The puncc.calibration.Calibrator is meant to compute nonconformity scores (e.g., residuals) on the calibration dataset (puncc.calibration.Calibrator.estimate method) and uses them to construct and/or calibrate prediction intervals (puncc.calibration.Calibrator.calibrate method).

To cover a large range of conformal prediction methods, three subclasses of puncc.calibration.Calibrator have been implemented:

  • puncc.calibration.MeanCalibrator: constructs prediction intervals based on point predictions by adding and substracting quantiles of mean absolute deviations
  • puncc.calibration.MeanVarCalibrator: constructs prediction intervals based on point predictions and dispersion estimations by adding and substracting quantiles of scaled mean absolute deviations
  • puncc.calibration.QuantileCalibrator: calibrates quantile-based prediction intervals by shrinking or dialating them accordingly to the quantiles of nonconformity scores

PS: User-defined calibrators have to subclass puncc.calibration.Calibrator and redefine its methods.

Splitter

In conformal prediction, the assignement of data to fitting and calibration sets is motivated by two criteria: data availability and computational resources.
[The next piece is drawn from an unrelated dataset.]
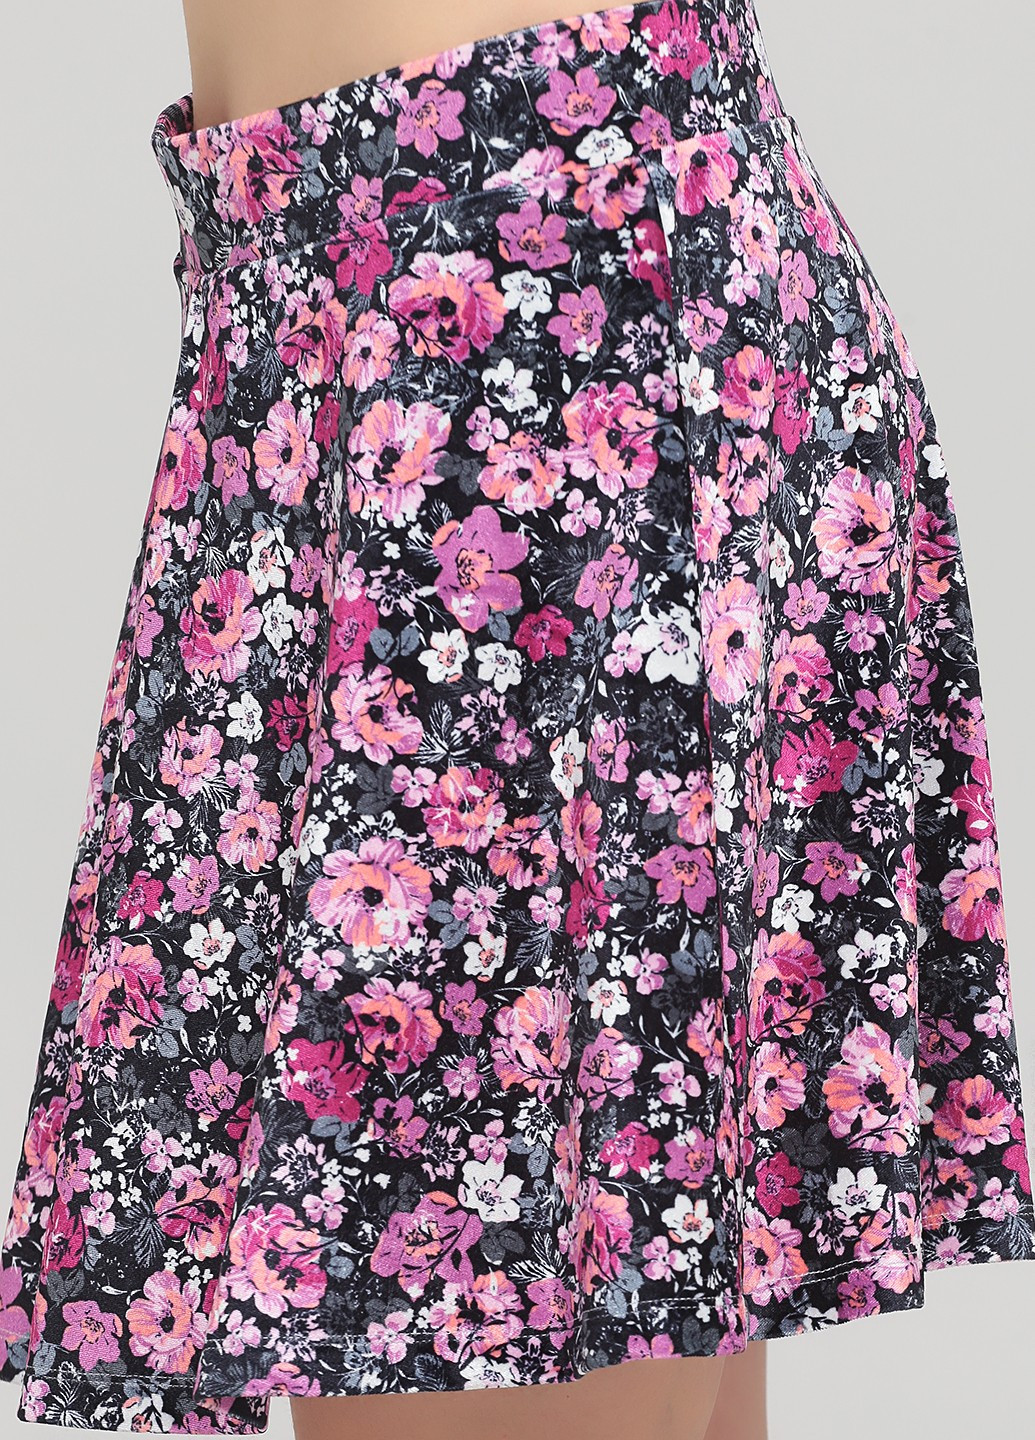 Черная цветочной расцветки юбка C&A
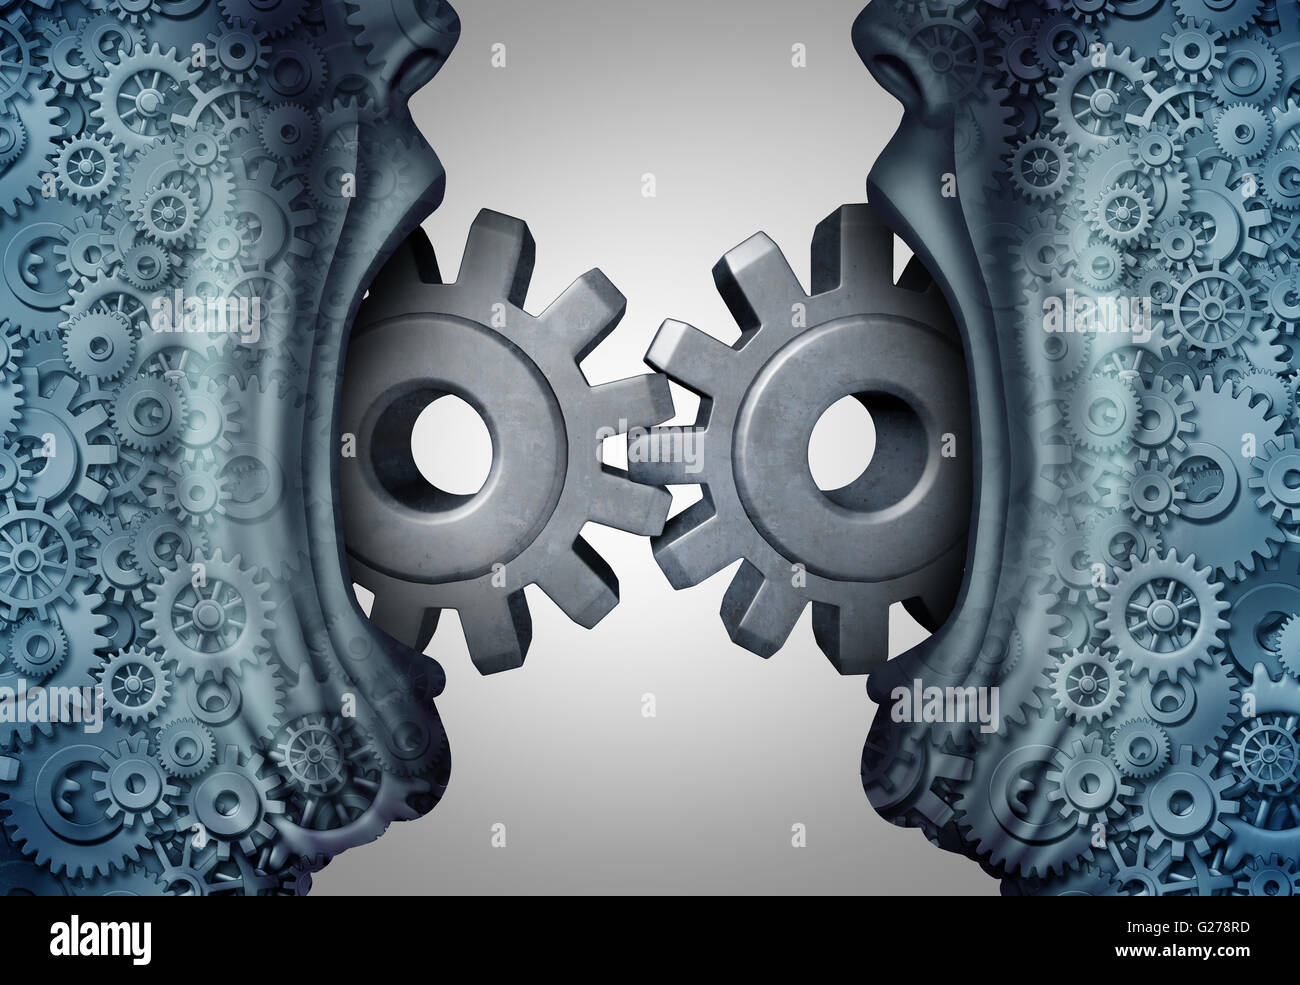 Konzept der Business-Kommunikation und Industrie tauschen Symbol als zwei Personen mit offenen Mündern verbindenden Getriebe und Zahnräder mit 3D Abbildung Elemente zu kommunizieren. Stockfoto

If quality data is abundant, we can split the training samples into disjoint subsets $D_{fit}$ and $D_{calib}$. When data is scarce, a cross-validation strategy is preferred but is more ressources consuming as different models are trained and nonconformity scores are computed for different disjoint folds.

The two plans are implemented in puncc.splitting module.

  • puncc.splitting.RandomSplitter: assignement of samples in $D_{fit}$ and $D_{calib}$
  • puncc.splitting.KFoldSplitter: assignement of samples into K disjoint folds. Note that if K equals the size of training set, the split is identified with the leave-one-out strategy

These methods produce iterables that are used by the ConformalPredictor instance.

Additionnaly, if the user already implemted a split plan, the obtained data asignement is wrapped in puncc.splitting.IdSplitter to produce iterables.